ACTIVITY> Reproduce the lines below verbatim. Pictures are to be omitted.

AVAILABLE DATA>
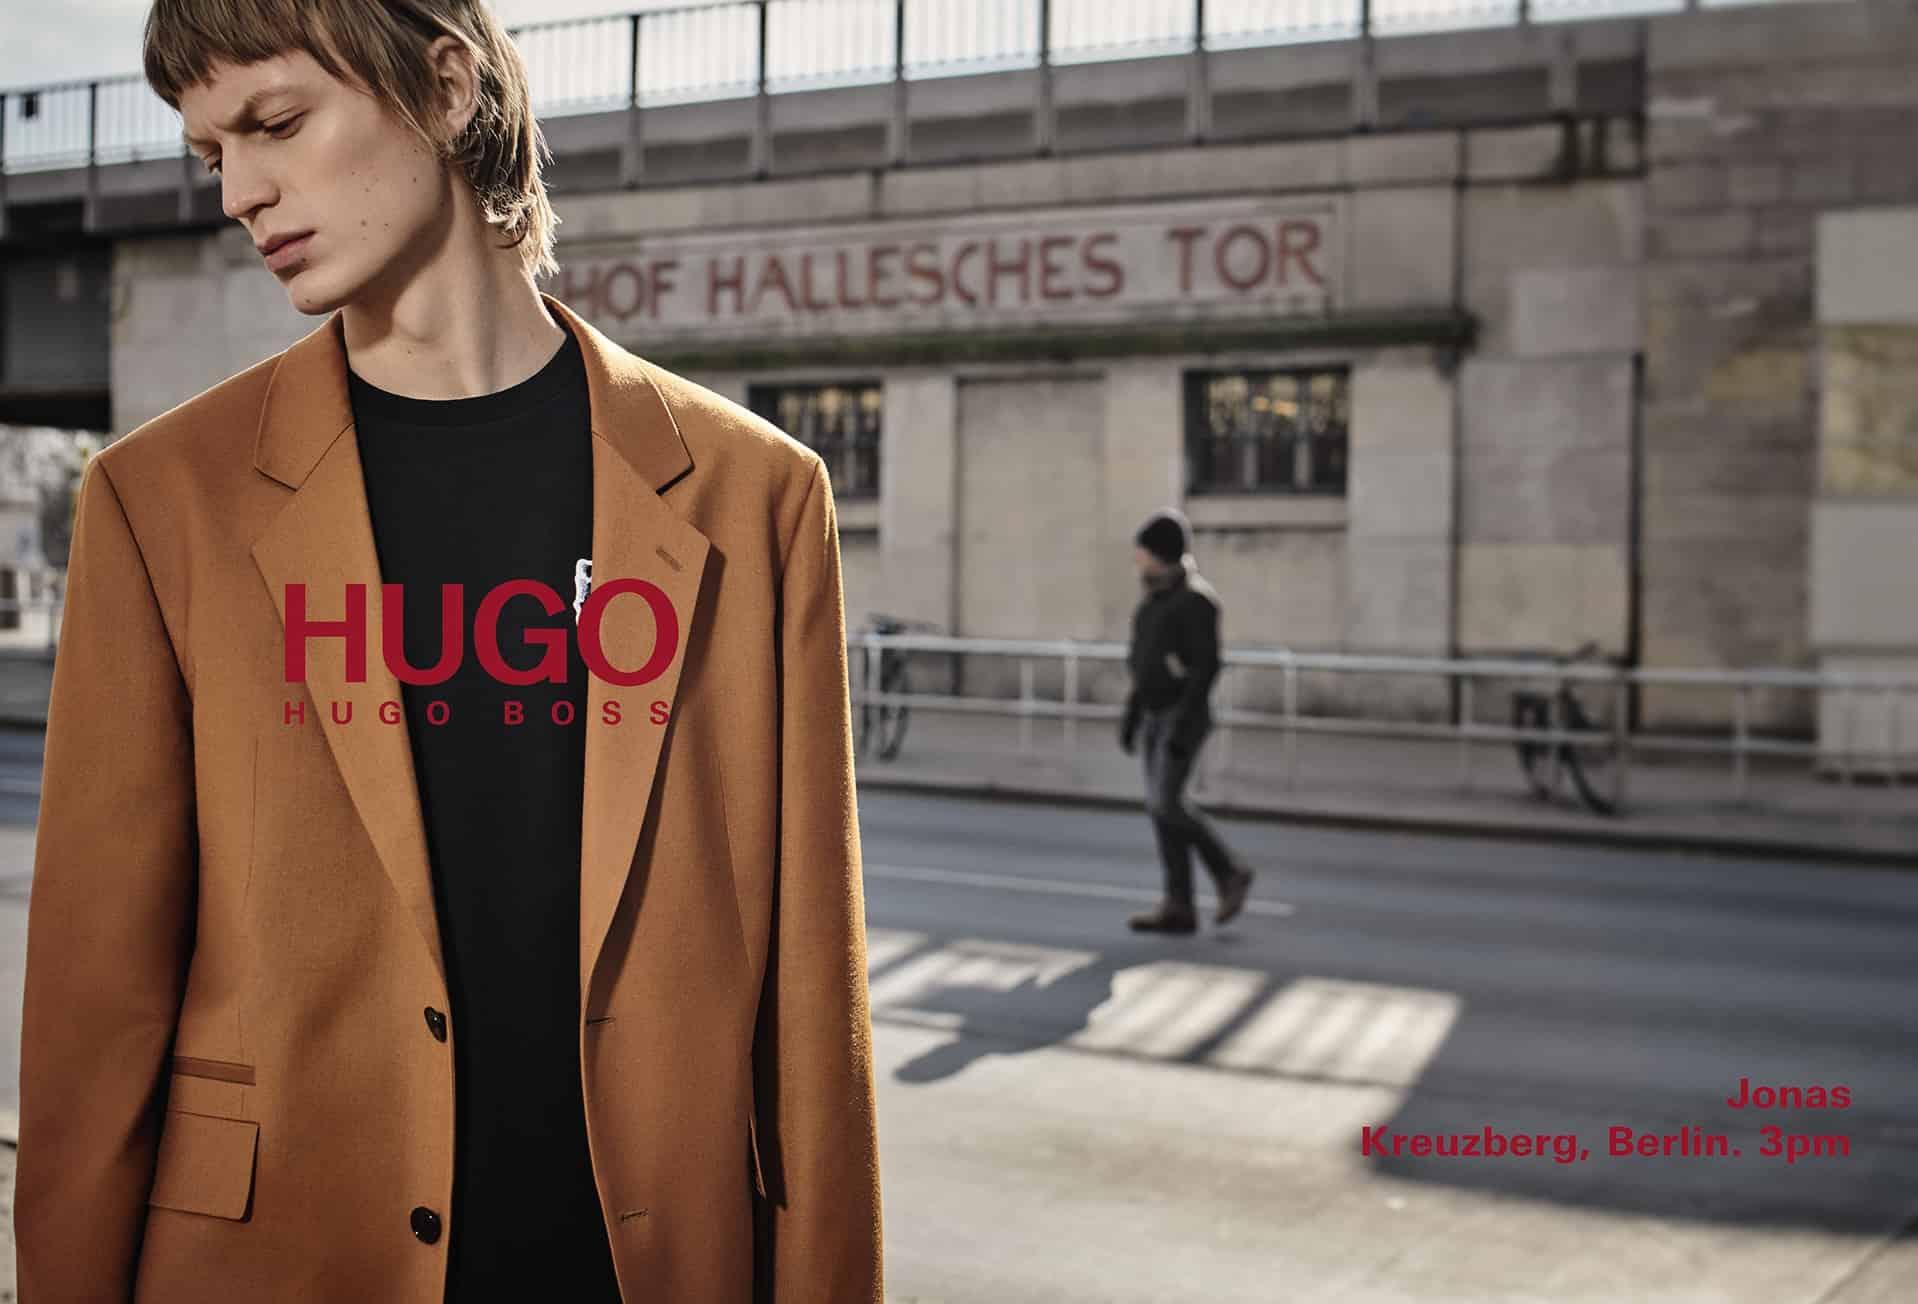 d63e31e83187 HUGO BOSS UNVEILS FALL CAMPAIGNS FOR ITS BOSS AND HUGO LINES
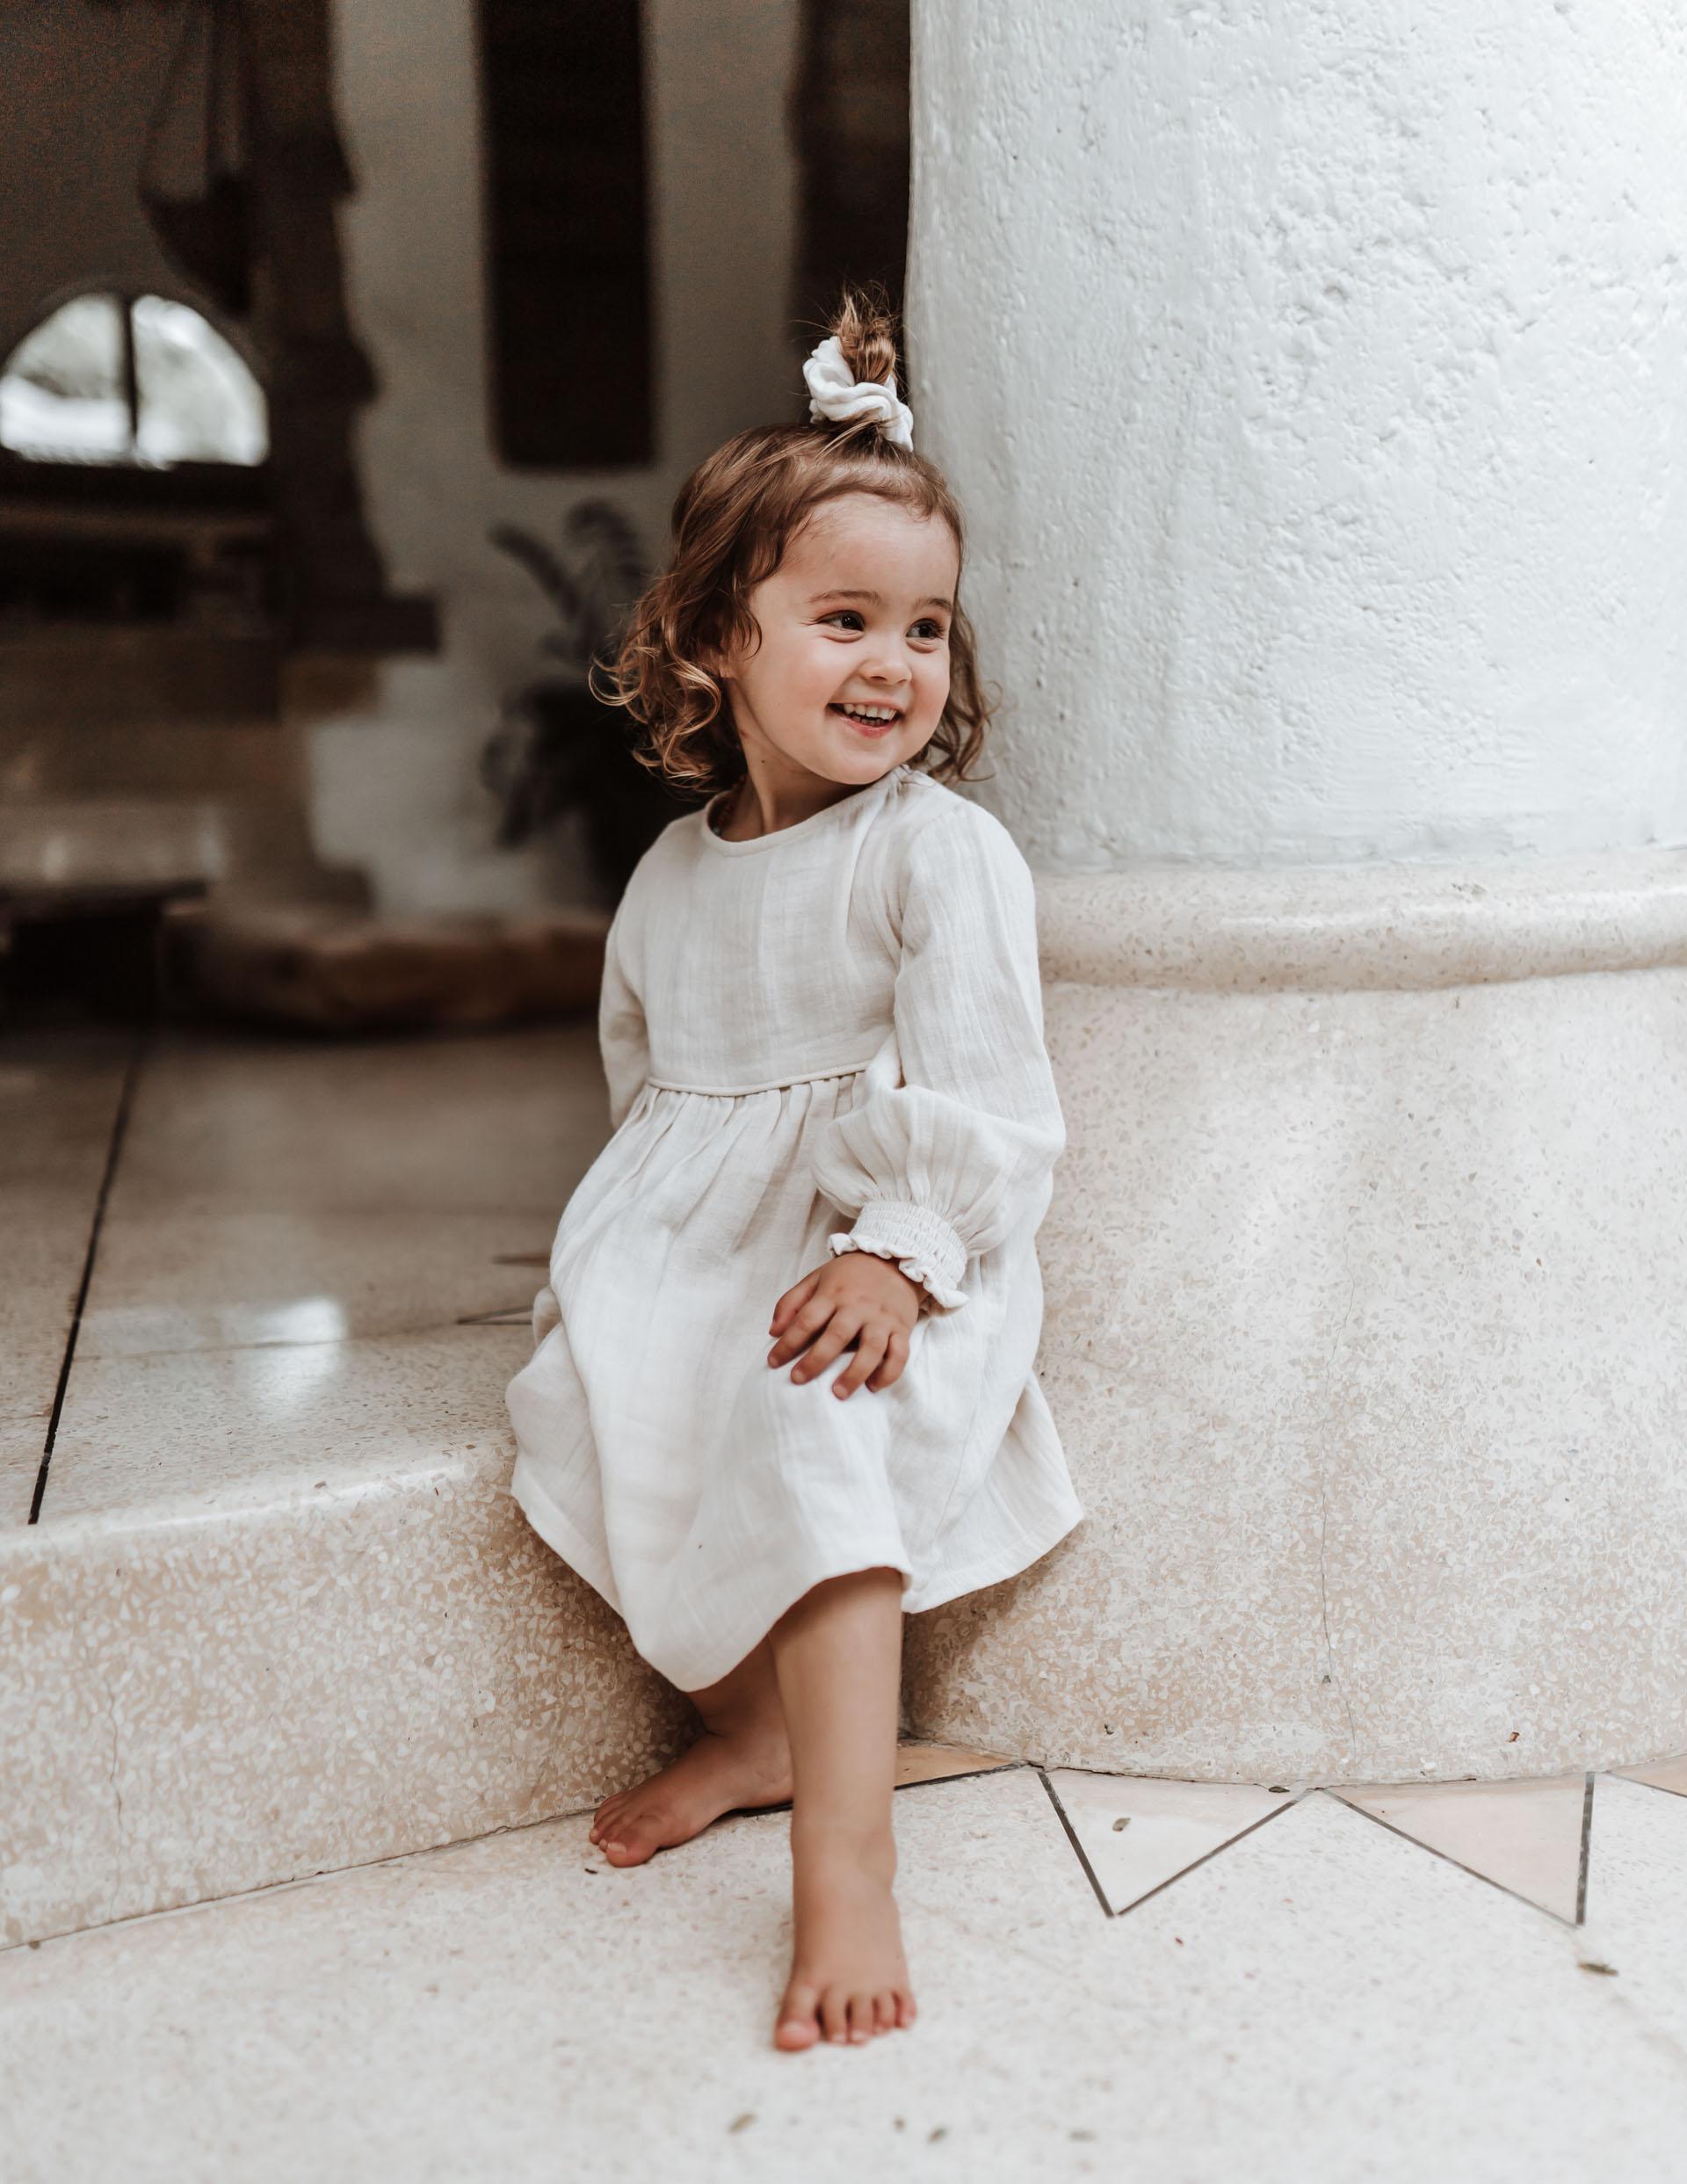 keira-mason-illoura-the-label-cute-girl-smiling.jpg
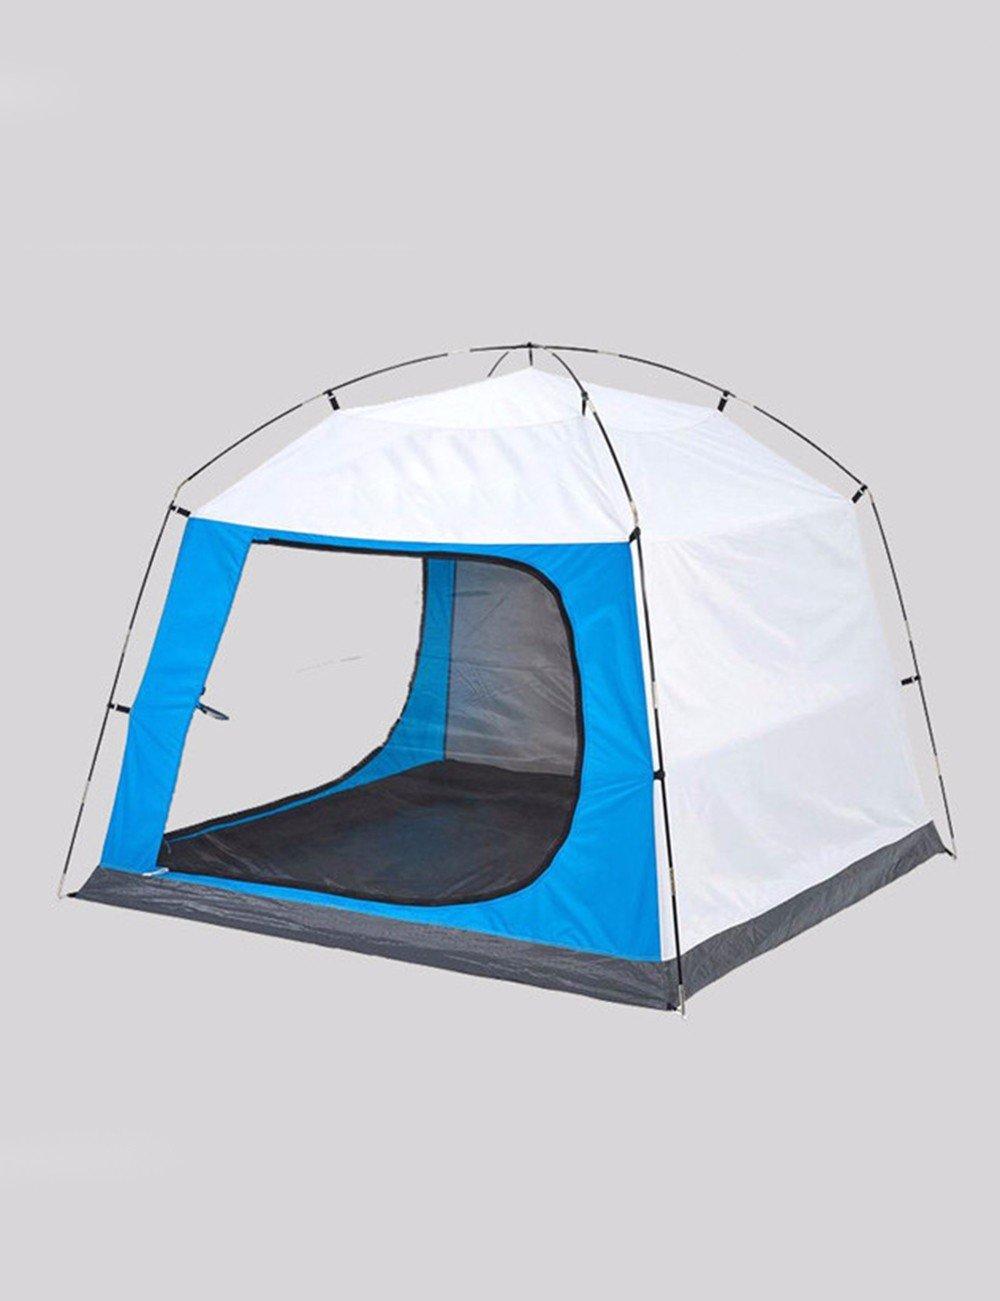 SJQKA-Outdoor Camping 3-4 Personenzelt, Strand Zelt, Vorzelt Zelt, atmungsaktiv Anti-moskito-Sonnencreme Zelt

PROBLEM SOLUTION>
 d63e31e83187 HUGO BOSS UNVEILS FALL CAMPAIGNS FOR ITS BOSS AND HUGO LINES
 keira-mason-illoura-the-label-cute-girl-smiling.jpg
 SJQKA-Outdoor Camping 3-4 Personenzelt, Strand Zelt, Vorzelt Zelt, atmungsaktiv Anti-moskito-Sonnencreme Zelt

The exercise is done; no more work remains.